Figure 3. Thermal safety margins (TSM) of experimental populations in relation to the range position. Panels (A–D) represent the four species. Each species name and illustration is displayed next to corresponding panel. TSMs represent the difference between experimental upper thermal limits and maximum temperatures at the collection site. Thermal range index illustrates where the maximum habitat temperatures lie in relation to the range of maximum temperatures observed across a species thermal distribution. The blue diagonal line represents expected TSM if a species fundamental (i.e., experimental) and realised thermal distribution limits were the same. The red horizontal line illustrates the TSM if fundamental thermal limits and maximum local temperatures were the same (TSM = 0). TSM estimates are based on growth rates. Upper thermal limit estimates for P. oceanica and C. nodosa in Cyprus are conservatively considered here to be 36°C, based on observed growth and survival rates in experiments.

Discussion

Quantifying spatial and taxonomic variability in thermal performance is critically important to identify potential hotspots and refuges from thermal stress in response to climate change. Here we quantified the thermal performance of four dominant habitat forming species of seaweed and seagrass, from four locations across the Mediterranean Sea. We found major differences in thermal performance between species as well as subtle, albeit important differences between populations within species. Most notably, thermal optima and upper limits in the seagrass C. nodosa, were over 10°C higher than the seagrass P. oceanica, highlighting potential differences in response to warming between species. One exception to this finding was the high thermal tolerance of P. oceanica in Cyprus. Cyprus represents the warm distribution edge of P. oceanica and experimental plants displayed high upper thermal limits resulting in larger thermal safety margin than cooler locations. Observed differences in thermal performance between species and within species provide important context about the potential vulnerability of benthic marine ecosystems to warming and contributes to a general understanding about the underlying drivers of thermal sensitivity.

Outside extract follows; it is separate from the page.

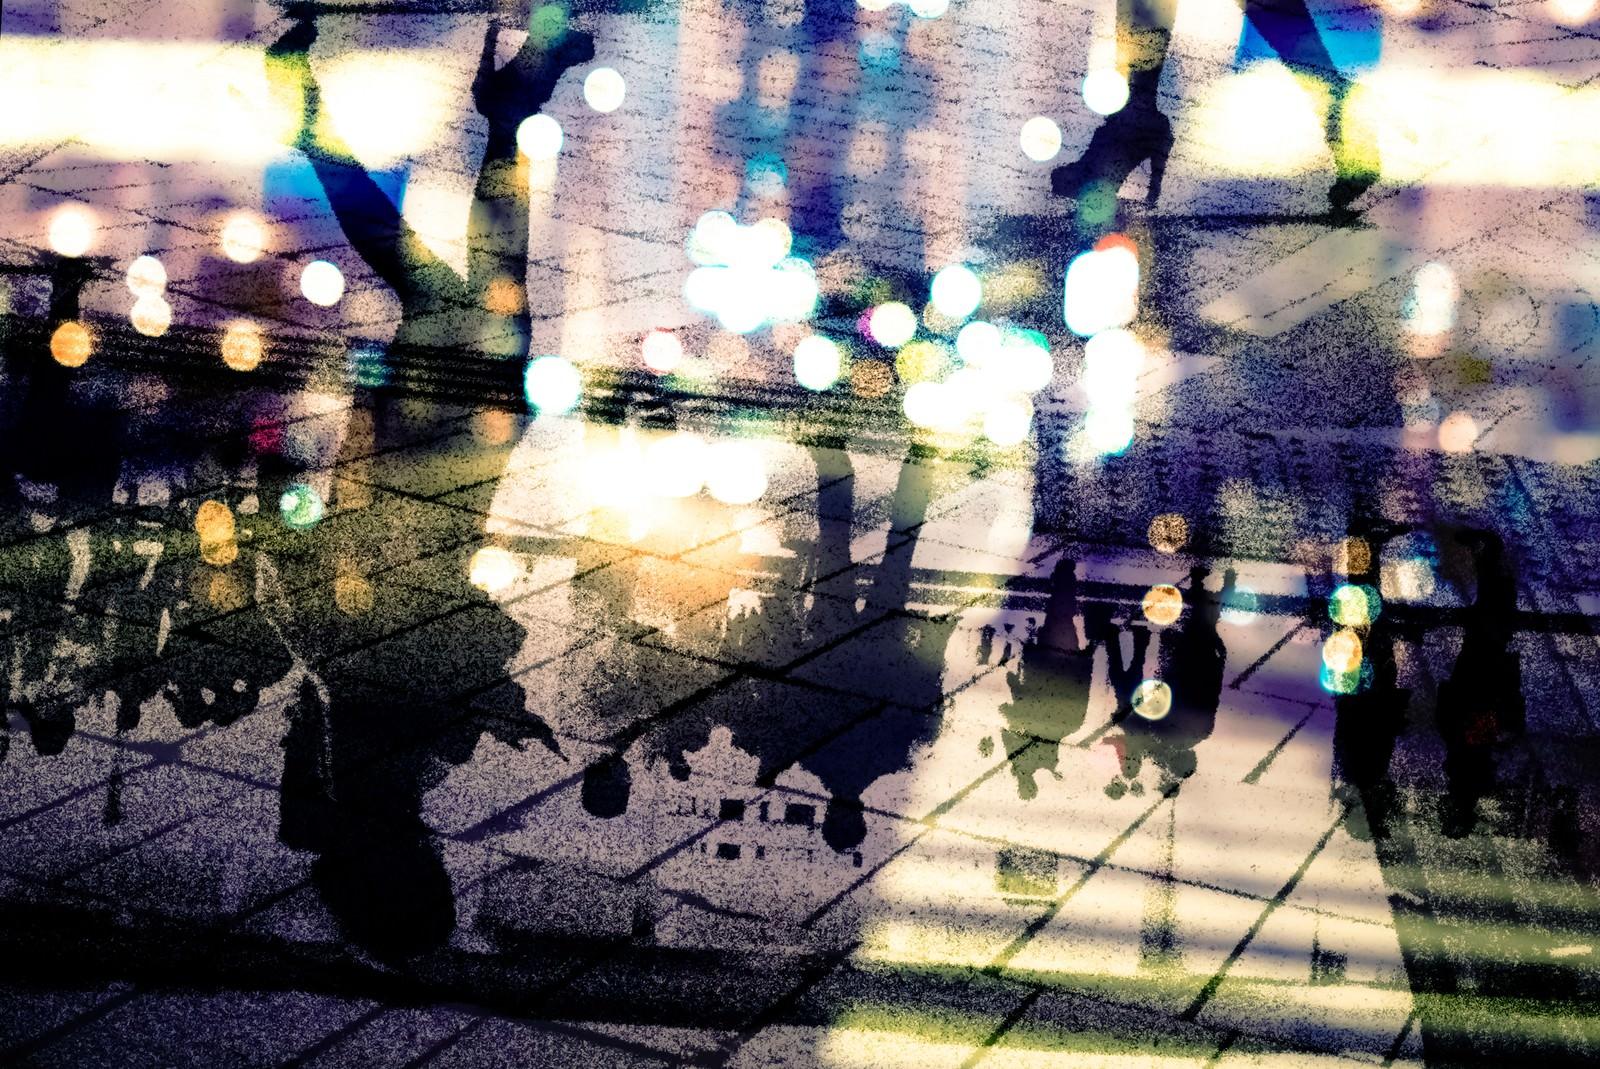 「都会の喧騒を映すアスファルト(フォトモンタージュ)」の写真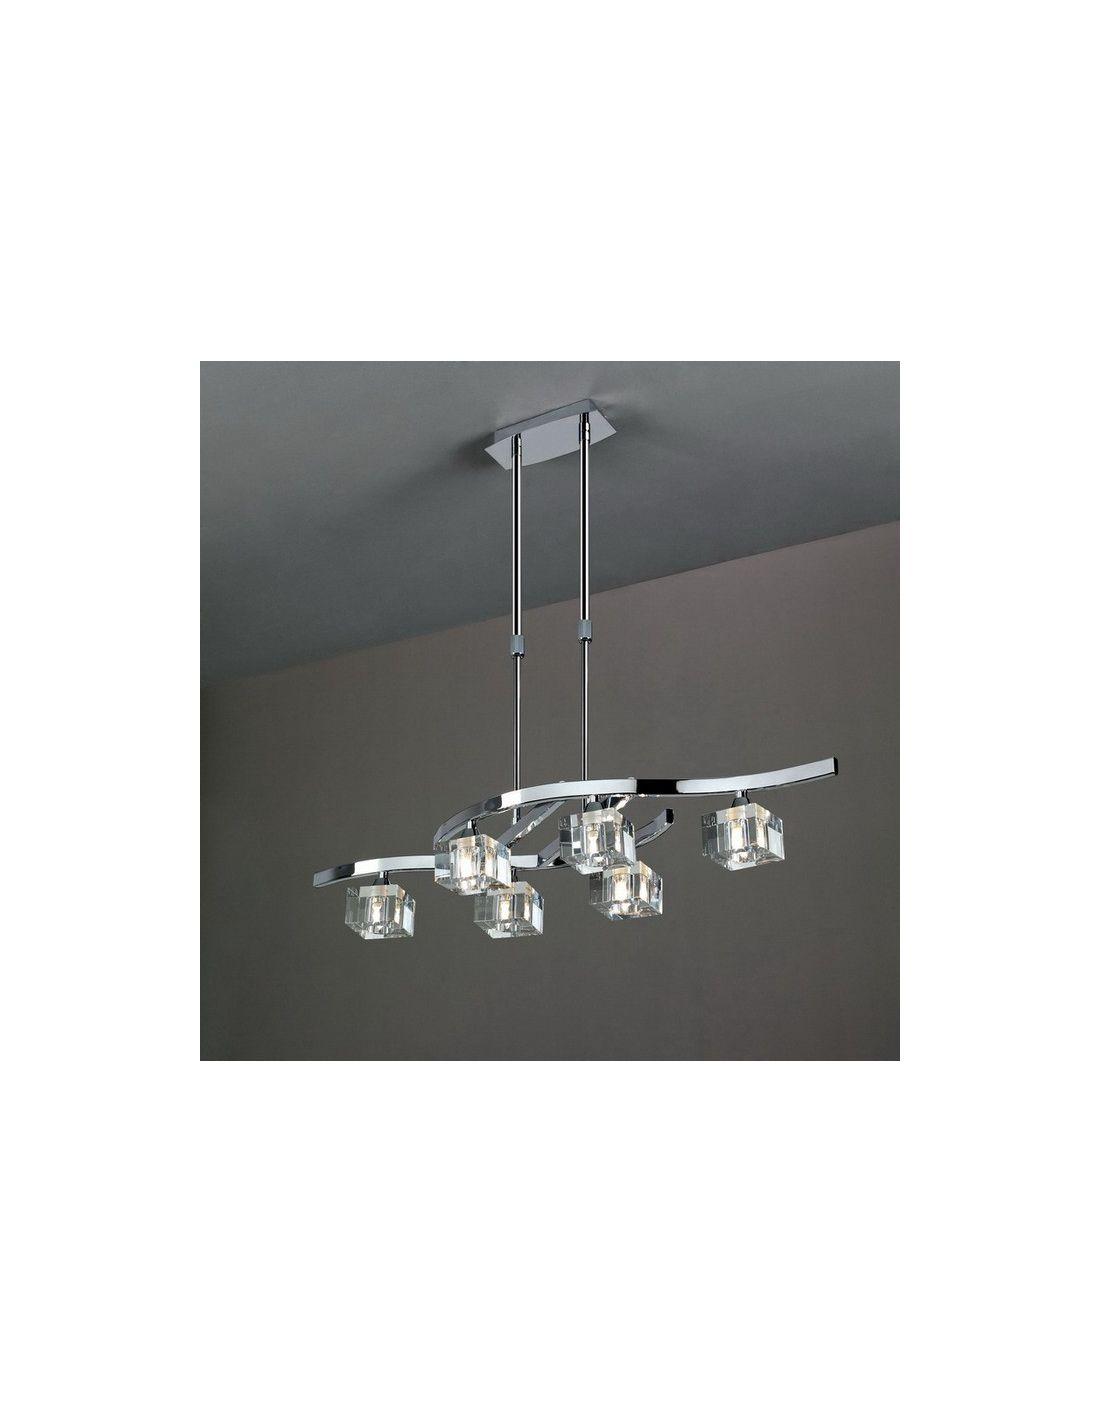 Lamparas lamparas baratas lamparas de techo baratas - Colgantes de cristal para lamparas ...

Major differences in thermal performance between species was the standout finding from this study. This finding is significant, because of the close similarities these species share in their realised thermal distributions. Realised thermal limits are a commonly used metric of thermal sensitivity (Araújo and Peterson, 2012). Yet, despite all species having realised upper thermal limits between 29 and 30°C, under experimental conditions thermal limits ranged from 30°C in P. oceanica to over 40°C in C. nodosa. Interestingly, these differences in experimental thermal performance were broadly consistent with the contrasting genus-level thermal distributions of Posidonia and Cymodocea. Posidonia and Cymodocea both have Indo-Pacific distributions outside of the Mediterranean, reflecting the historical connection between the Mediterranean and Indian Ocean prior to the closure of Suez Isthmus, approximately 10 Mya. The contemporary distribution of Posidonia genus is bi-temperate, with all other Posidonia species found in temperate Australia, following their separation around 65 Mya (Aires et al., 2011). By contrast, with the exception of C. nodosa, all congeneric species of Cymodocea, have a tropical distribution throughout the Indo-Pacific (Short et al., 2007). Previous experiments on congeneric species found that Cymodocea serrulata displayed severe loss of biomass at temperatures >40°C (George et al., 2018), consistent with estimated upper limits of C. nodosa in the current study. We are not aware of comparable thermal performance experiments on congeneric Posidonia spp. However, following an extreme marine heatwave in 2011, warm-edge populations of Phragmites australis were tolerant of temperatures up to 29°C (Strydom et al., 2020), 3.8°C above the long term average (Fraser et al., 2014). The experimental thermal performance of P. pavonica was also consistent with the distribution of Padina spp. globally. Padina spp. is distributed globally, from the equator to cool-temperate regions (Silberfeld et al., 2013). The broad thermal distribution of Padina spp (−1.8 to 31°C), parallels with the broad thermal niche breadth of P. pavonica observed in experiments, relative to other species. Contrasting patterns in the global thermal distribution of congeneric species parallel the differences in the thermal limits of Mediterranean species, suggesting that these differences may reflect deep evolutionary differences in thermal affinity between species.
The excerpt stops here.